沖縄初のプロ球団・琉球ブルーオーシャンズ トライアウトで見えてきたこと

 


 沖縄初のプロ野球球団として2019年に発足した琉球ブルーオーシャンズ。沖縄の地をリスペクトし、県民と共に歩み、共に繁栄することをスローガンに、意気揚々とNPB入りを目指して発進した矢先、新型コロナウイルスの感染拡大によって出鼻をくじかれ目標達成には困難な船出となってしまった。

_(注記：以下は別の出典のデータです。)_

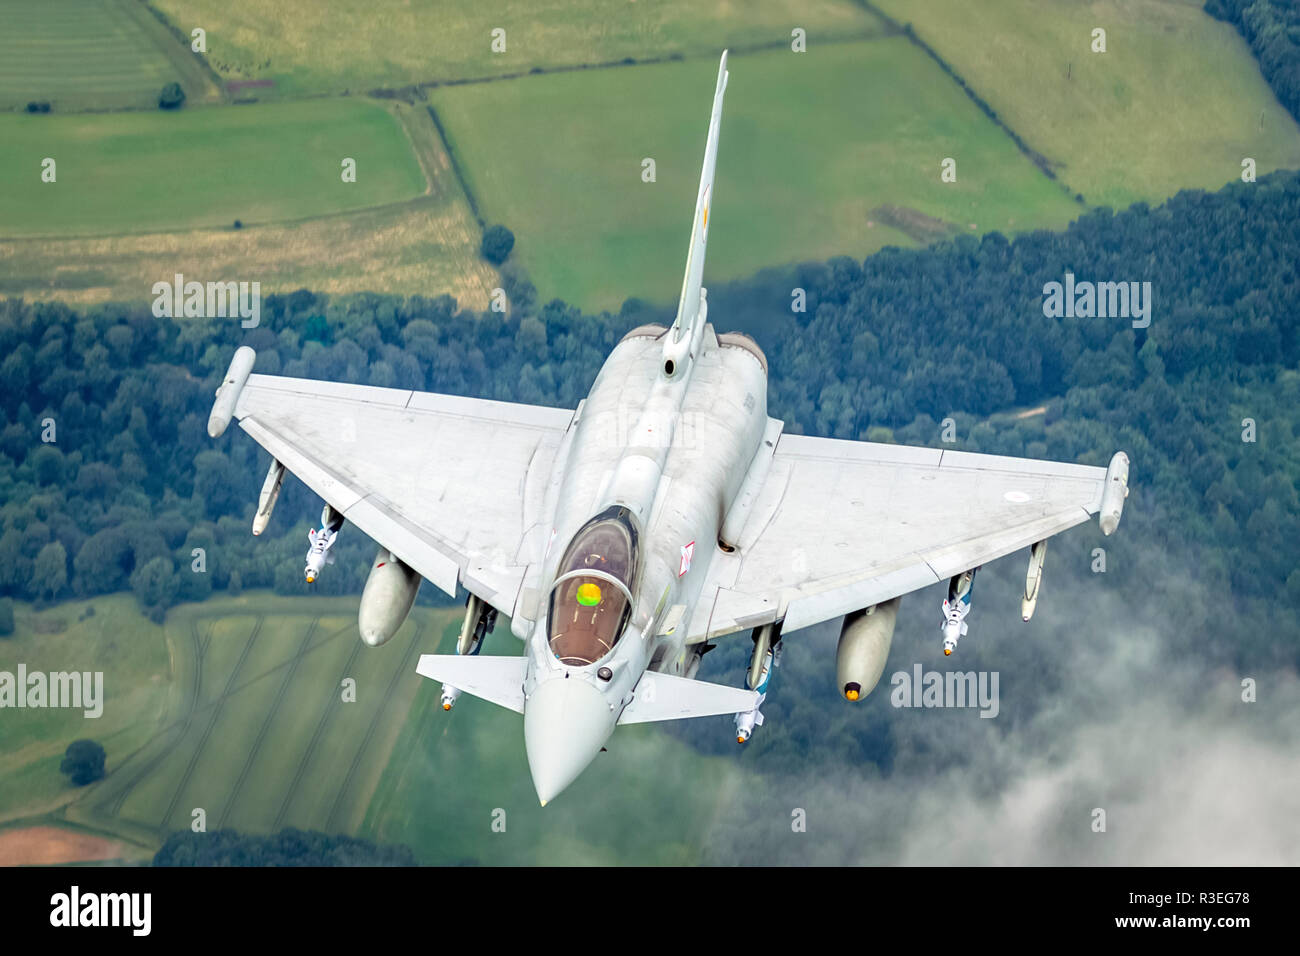 Royal Air force (RAF) Eurofighter Typhoon in flight. A twin-engine, canard-delta wing, multirole fighter. Photographed at Royal International Air Tatt Stock Photo

 実働2年目の今年、チームはどのような方向に進んでいるのか、6月26日、野手のトライアウトが行われると聞いてホーム球場の一つANA BALL PARK浦添に取材に出向いた。

コロナで野球が出来ない選手にチャンスを


 トライアウトとは、本来は適性検査・試験興行を意味し、一般にスポーツ競技の団体に加入を希望する選手が、団体関係者の前で自己の能力をアピールし、契約を目指す場のこと。野球のシーズンまっただ中に開催することは至極珍しい。なぜ今なのか?今年からGM(チーム運営全般の責任者)にも就任された清水直行監督に聴いてみると、「怪我やコロナなどいろんな事情で野球が出来なくなった選手たちにチャンスを作れたらいい」という監督の強い思いだという。

清水監督が選手に声を掛ける


 今回チャレンジしたのは遠く北海道から参加した選手を含め、ほぼ沖縄出身の19歳から23歳の7人。雨上がりとあって屋内での開催となり、見極めるには厳しい環境になったが、20メートルタイム走、内外野のノック、内野連携、外野遠投などが行われた。

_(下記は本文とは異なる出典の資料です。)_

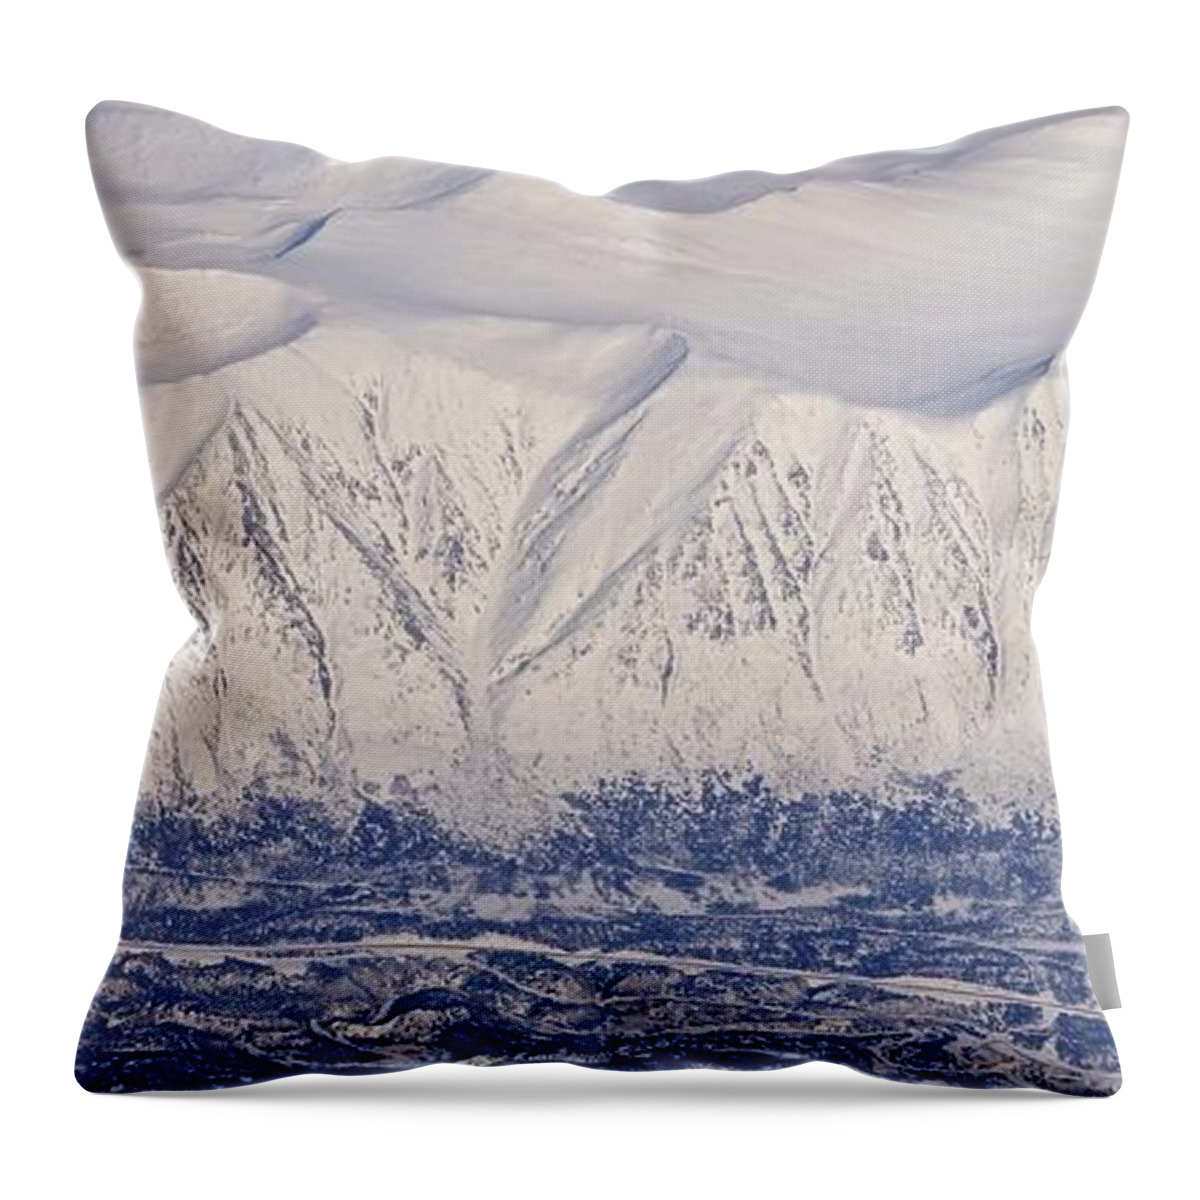 Photography Throw Pillow featuring the photograph Mountain Range by Sean Griffin

 昨年11月のトライアウトも受け、2度目の挑戦となる選手や、浦添中学から愛媛県の松山聖陵高校へ野球留学、その後、大野倫(巨人)、新垣渚(ダイエー)、大瀬良大地(広島)などを排出した名門九州共立大学へ進学しながらも、野球部のみならず大学までも辞めてしまった選手もいた。

 中退した彼は「大学は200人以上の選手がいて、コロナの影響もあって僕のような実力では自主トレしとけっていわれるだけなんです。しっかりトレーニング出来る環境が欲しかった。実家(浦添)に戻って沖縄のチームのトライアウトがあると聞き、よしやってやると思って」。この日のためにしっかりと準備して臨んだ。

20メートルタイム走


 トライアウト終了後、清水監督は選手たちを集め声を掛けた。「今回は現時点での評価。これで終わりではないから。君たちの助けになれればと思っている。柔軟に対応していきたい」。結果は1週間後である。